→ Data below:
#####

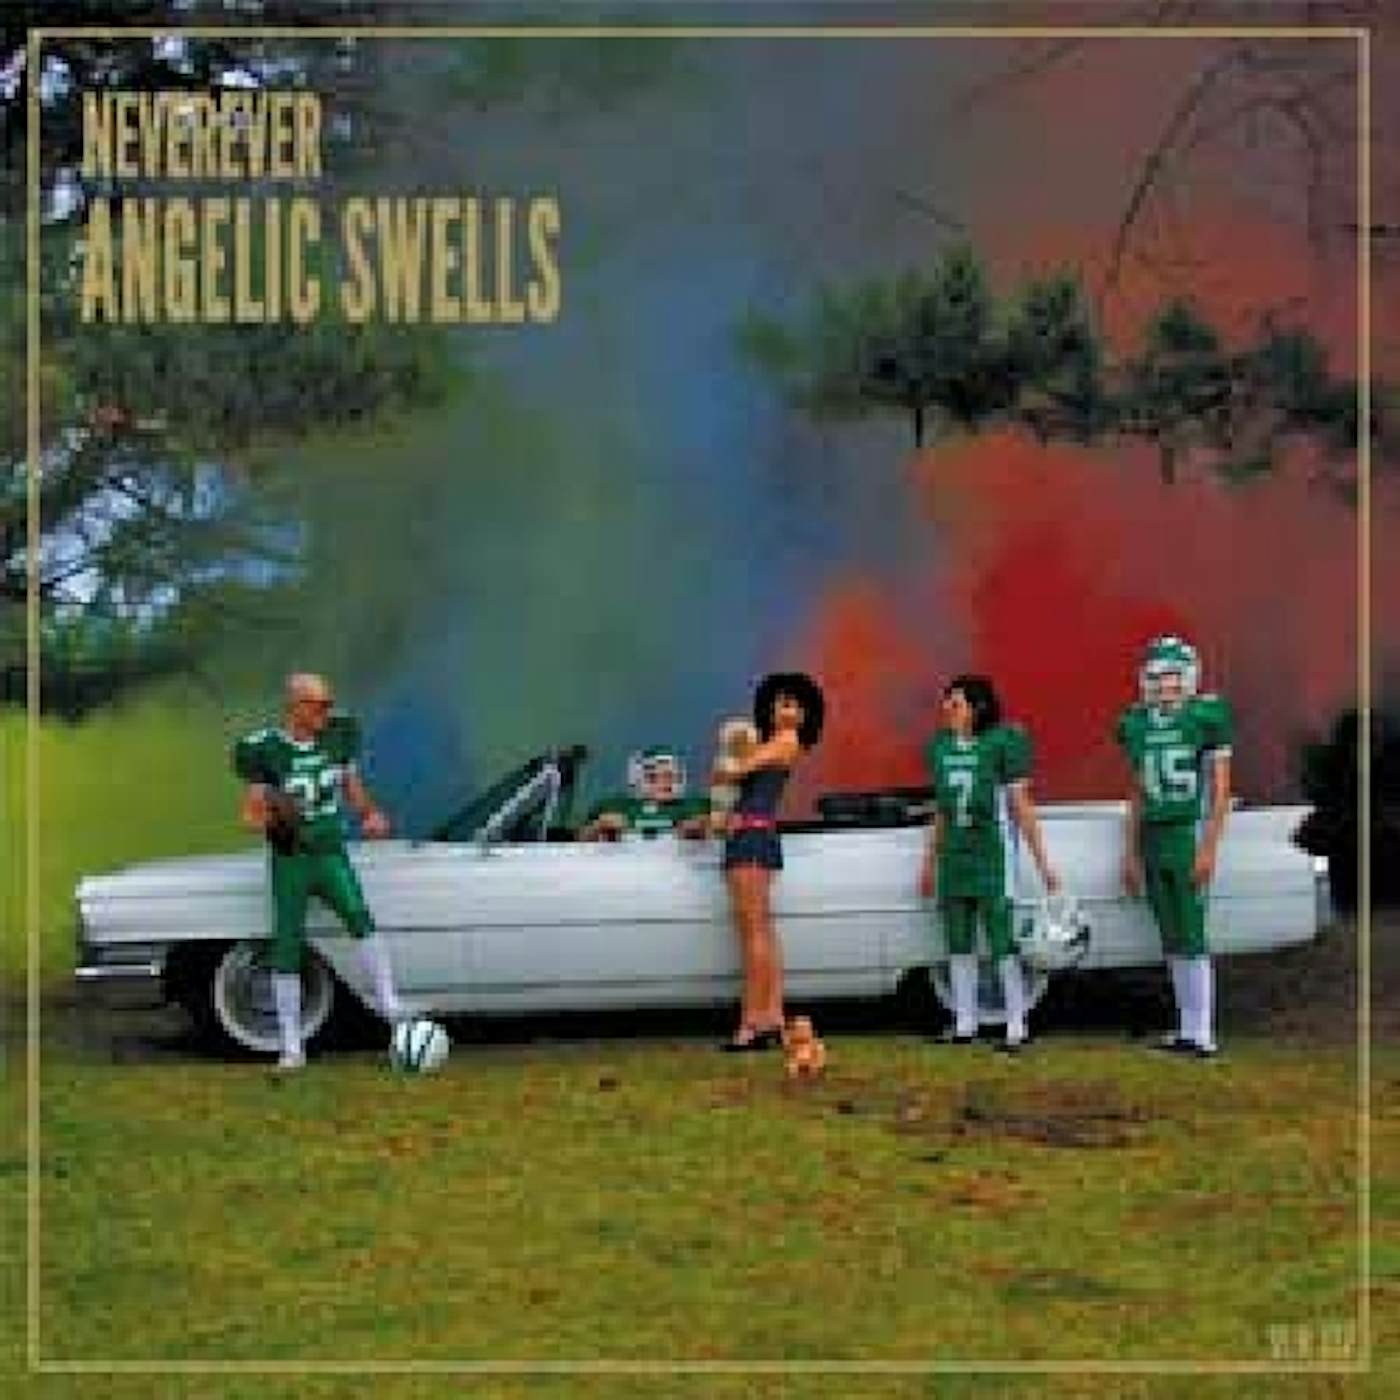 Neverever ANGELIC SWELLS CD
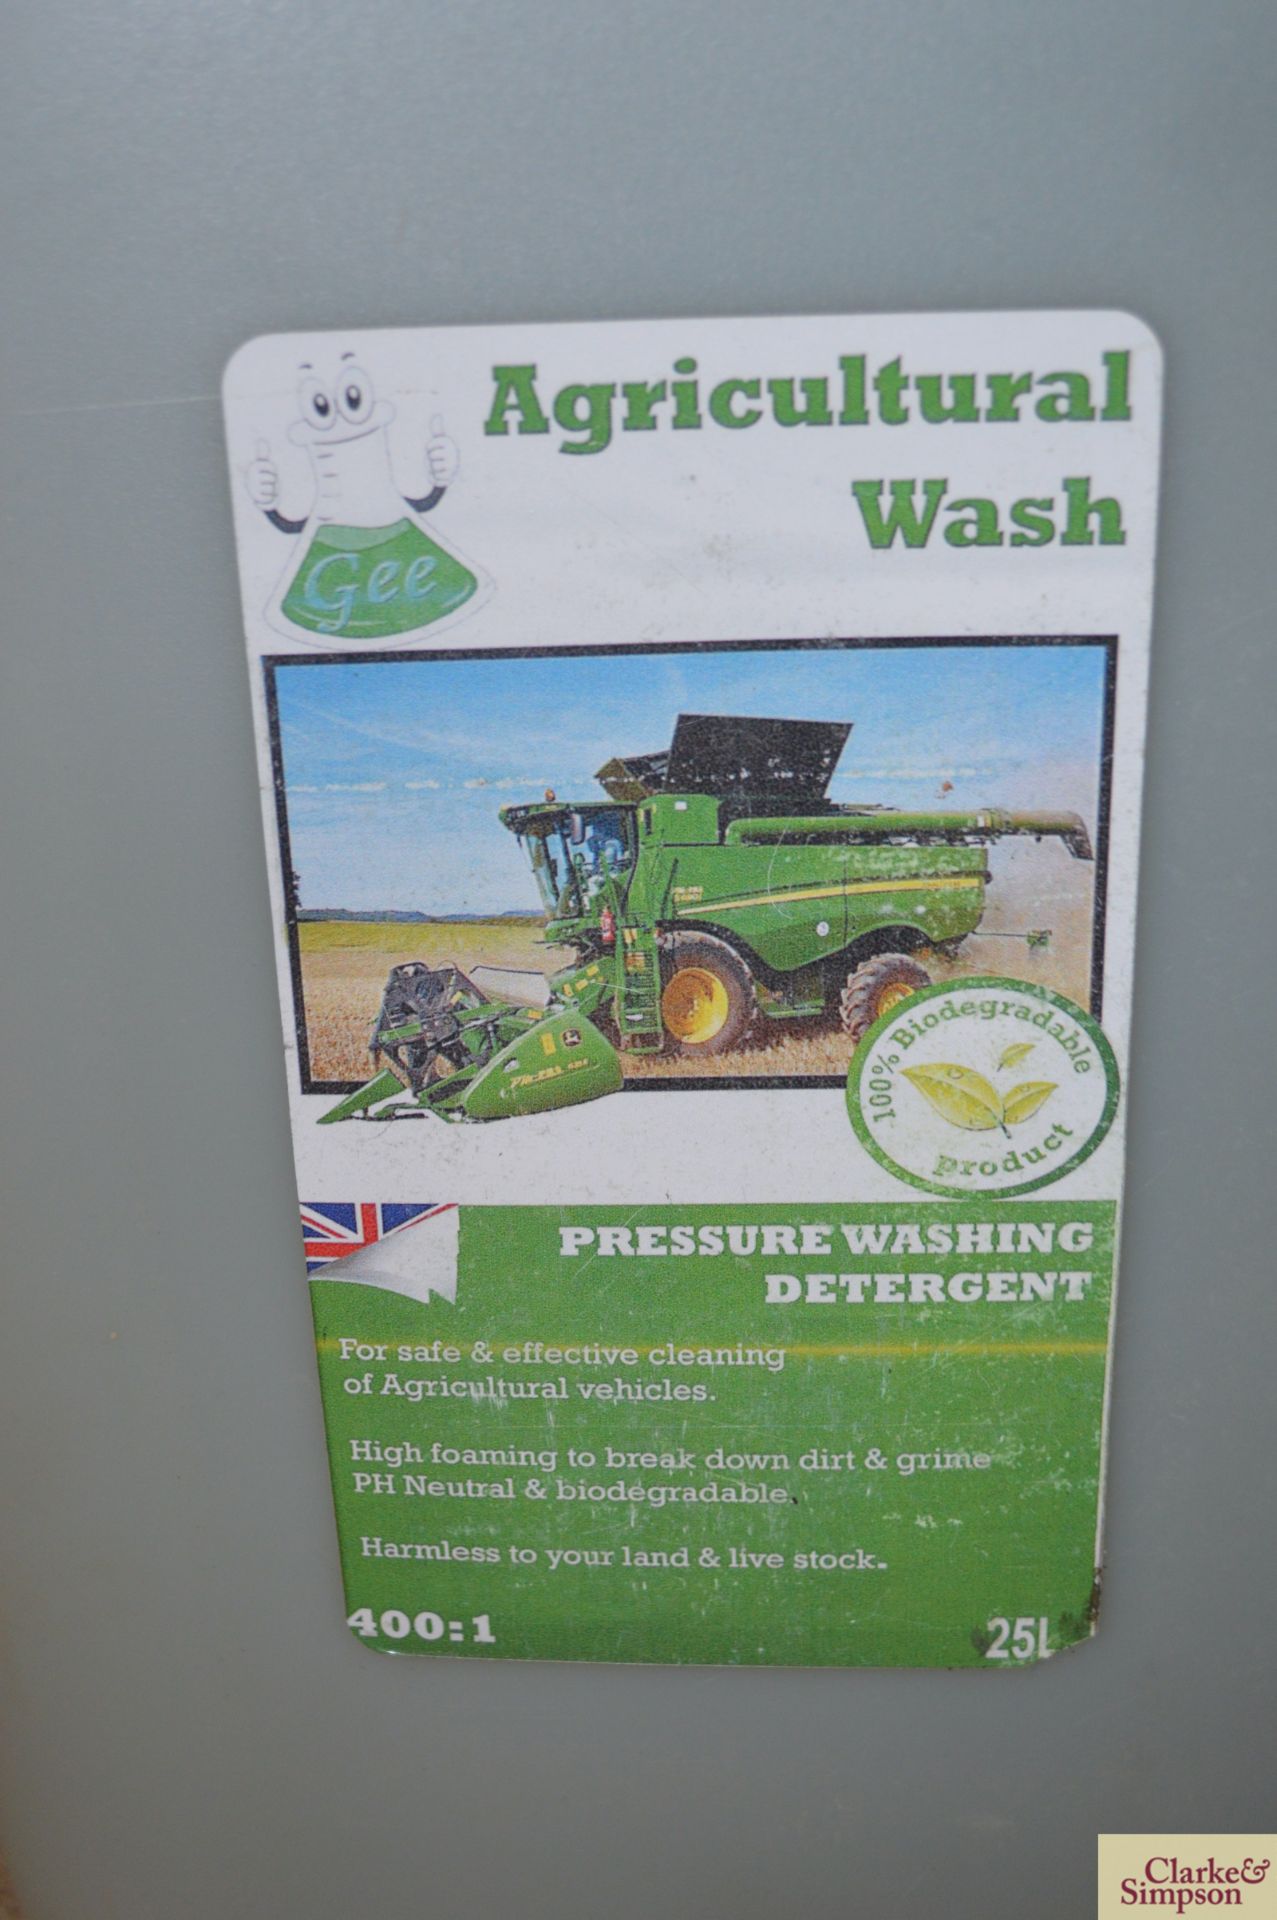 25L Agricultural Wash. - Image 2 of 2
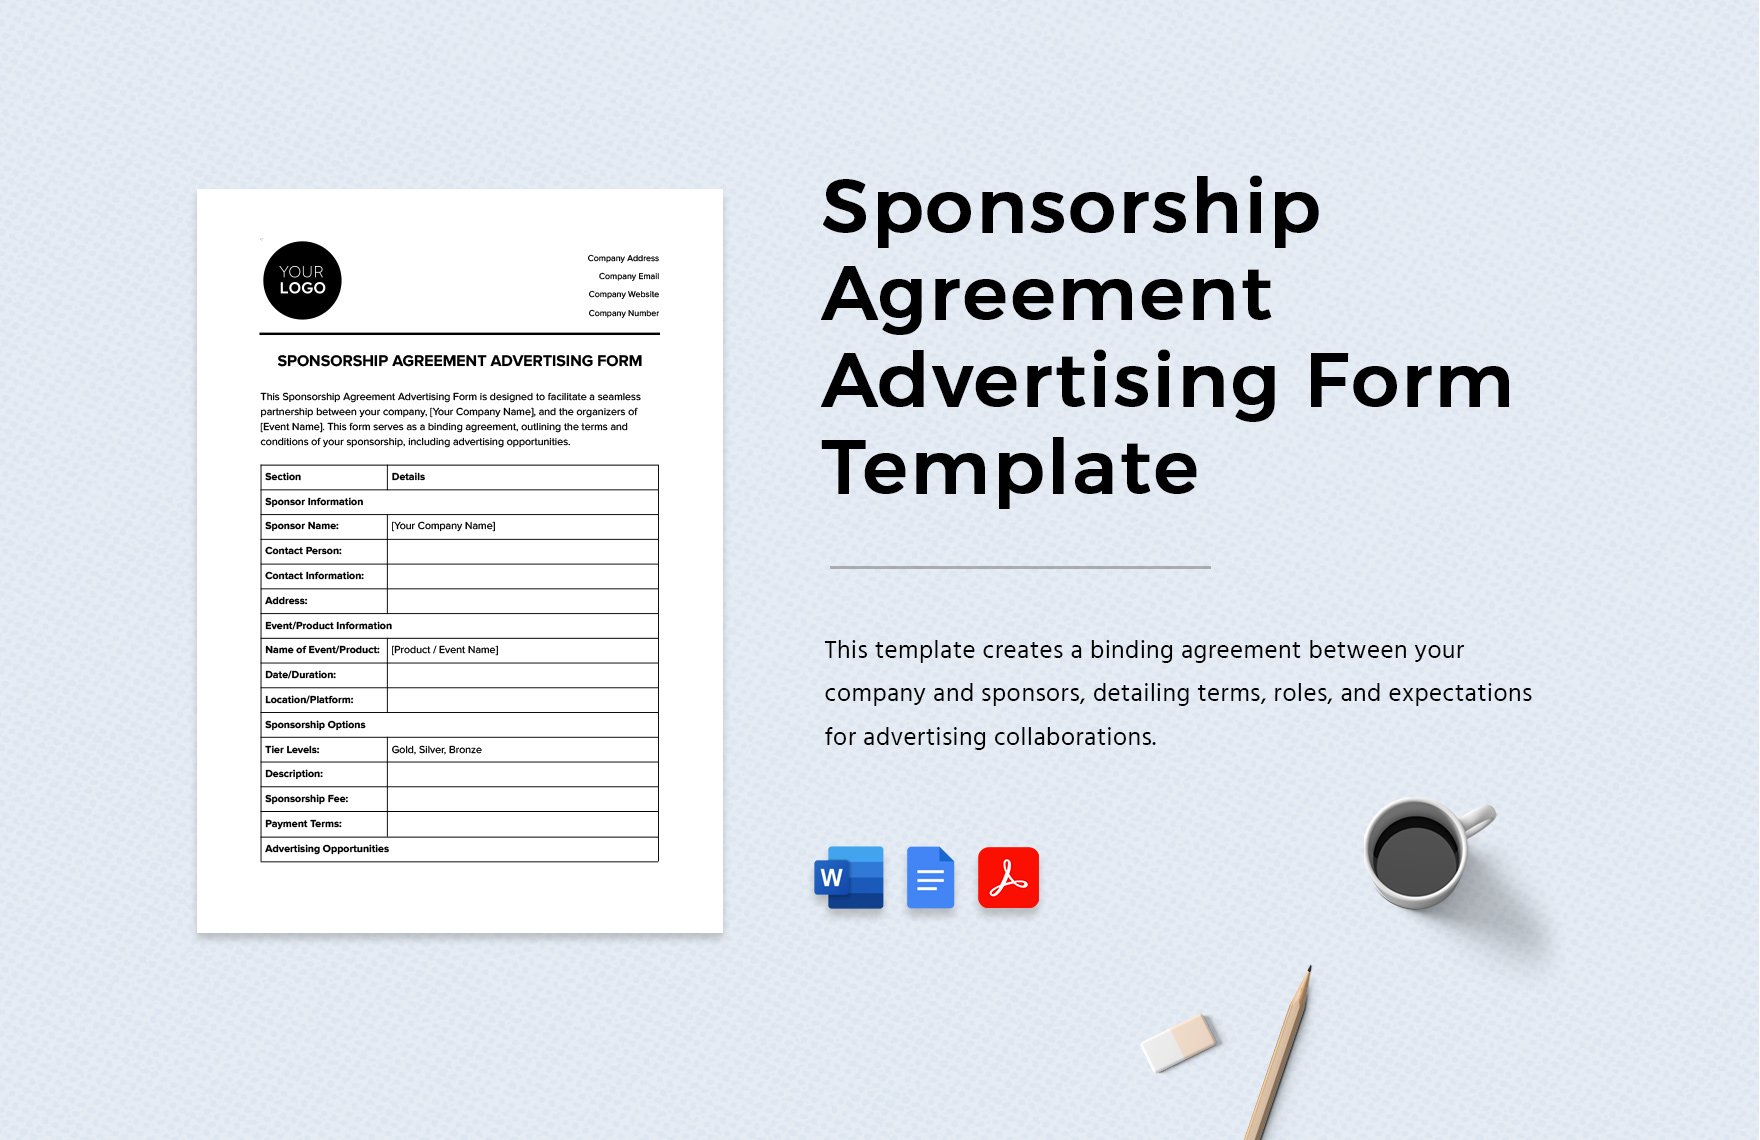 Sponsorship Agreement Advertising Form Template in Word, Google Docs, PDF

#####

→ What to do: Each line of the data is to be duplicated exactly; pictures stay out of the copy.

→ Solution to the problem:
 Neverever ANGELIC SWELLS CD
 25L Agricultural Wash. - Image 2 of 2
 Sponsorship Agreement Advertising Form Template in Word, Google Docs, PDF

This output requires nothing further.